PAX: Popeye, Safety Valve, Enron, Roxbury, Honesuckle

AO: The Lion’s Den, 01-22-2026

By: America’s Best

After Yankee Jeaux unleashed a beatdown entirely dictated by the sounds of a kid’s toy car, it got me thinking: What if we did this… but with something not ridiculous?
Like… music.
You know.
Like regular people.

What if the beatdown was built around really short songs, and the goal was simply to finish an exercise set before the song ended?

That meant I needed short songs. Preferably ones that were at least halfway normal. I’d like to think that’s exactly what I found—though “halfway normal” might be generous.

Once the playlist was set, it became obvious some songs were fast and some were slow. So we alternated. Fast songs meant ESOS (Every Song On the Song) reps. Slow songs were for “rest”—which of course meant Al Gore, plank, or something equally dishonest to call rest.

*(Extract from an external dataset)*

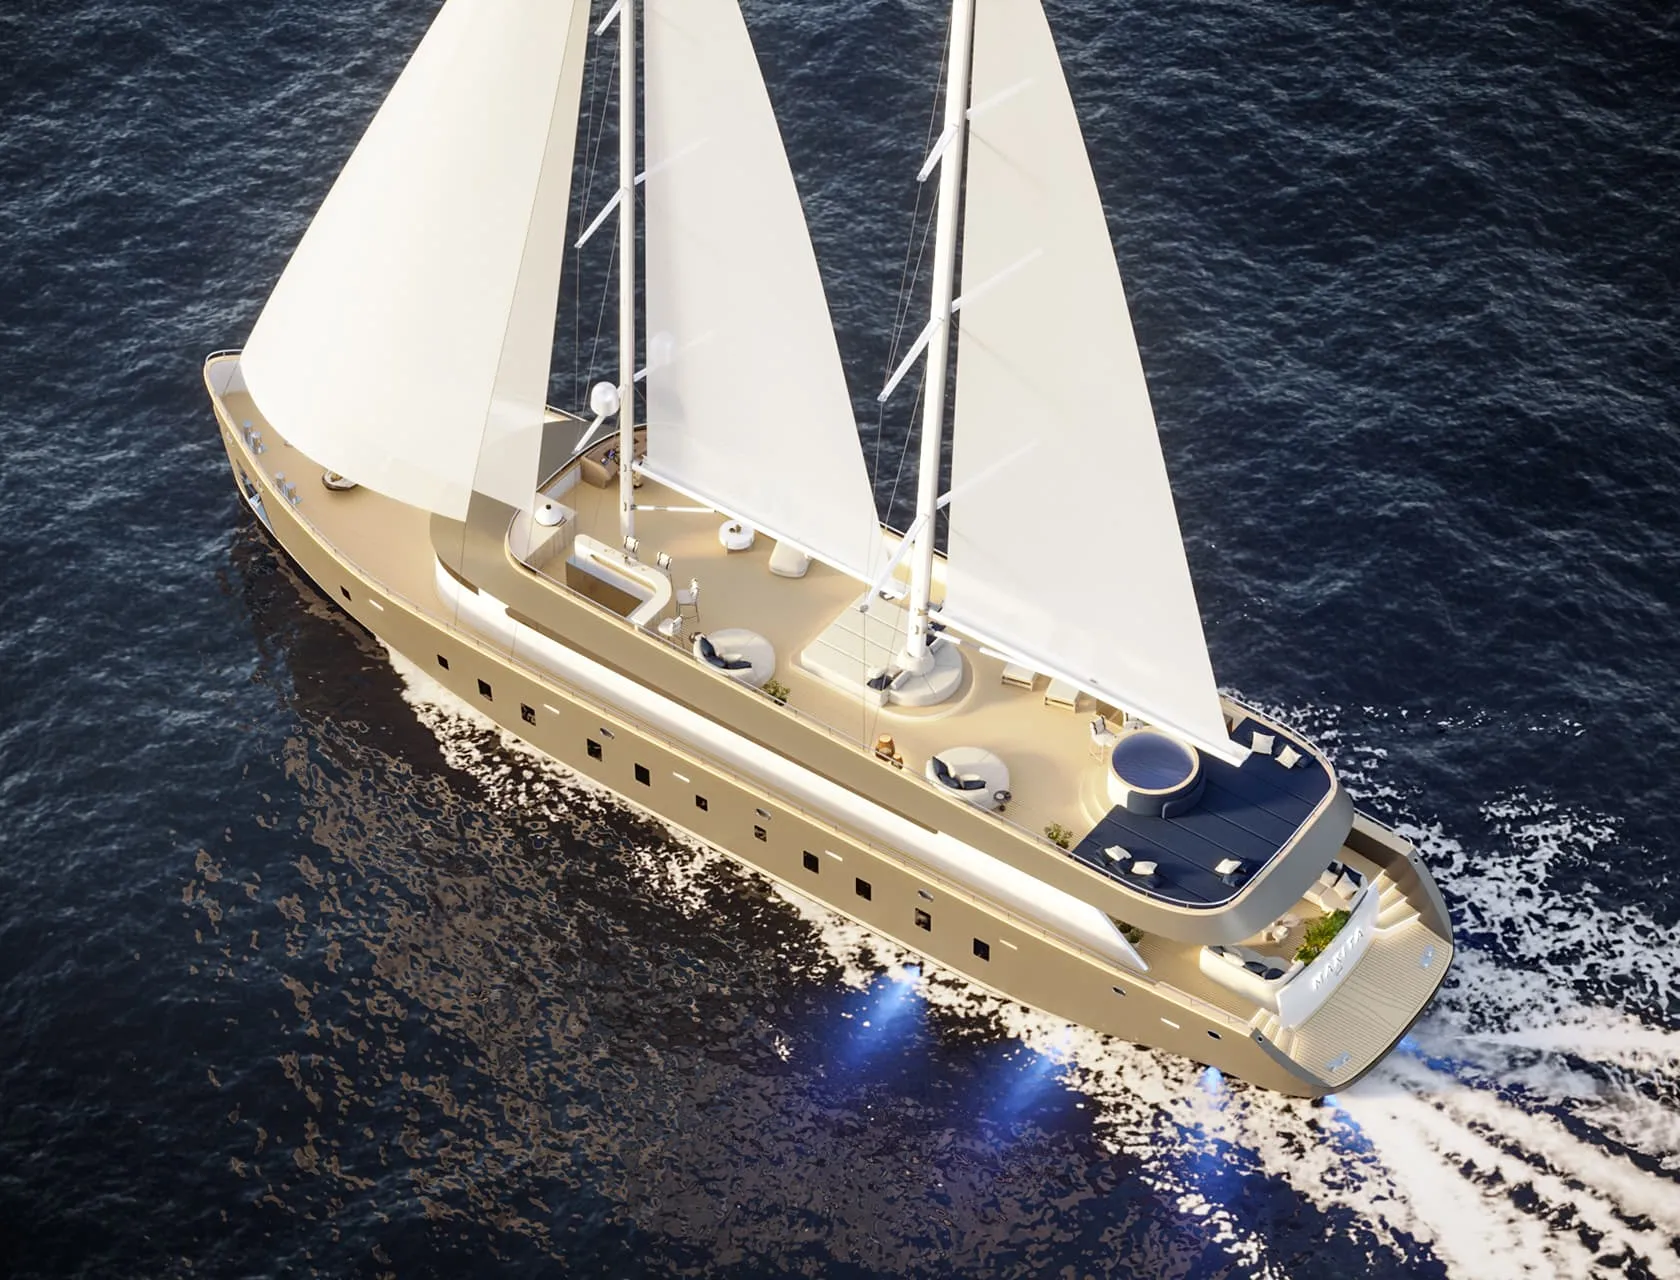 An extraordinary yacht charter in the Adriatic Sea aboard a brand-new luxury DS Yacht Maxita

To spice things up, I brought out a giant Maglite (aka a mace ball weight). While the PAX cranked through ESOS, one man at a time disappeared into the darkness with the weight and performed an assigned exercise. The rest of the PAX guessed how many reps he did. The difference between the guess and reality determined whether we paid in Merkins or Burpees. Because accountability.

The alternating exercise sets looked like this:

Set 1
• 3 Burpees
• 10 Air Squats
• 20 Mountain Climbers
• 6 BBS
• 10 Merkins
• 15 Curls

Set 2
• 3 Derkins (N, dailies)
• 10 Apollo Ohnos
• 20 Curls
• 10 Bonnie Blairs
• 10 WWII Sit-Ups

I think Popeye summed it up best afterward when he said… something that probably shouldn’t be repeated out of context. Or at all.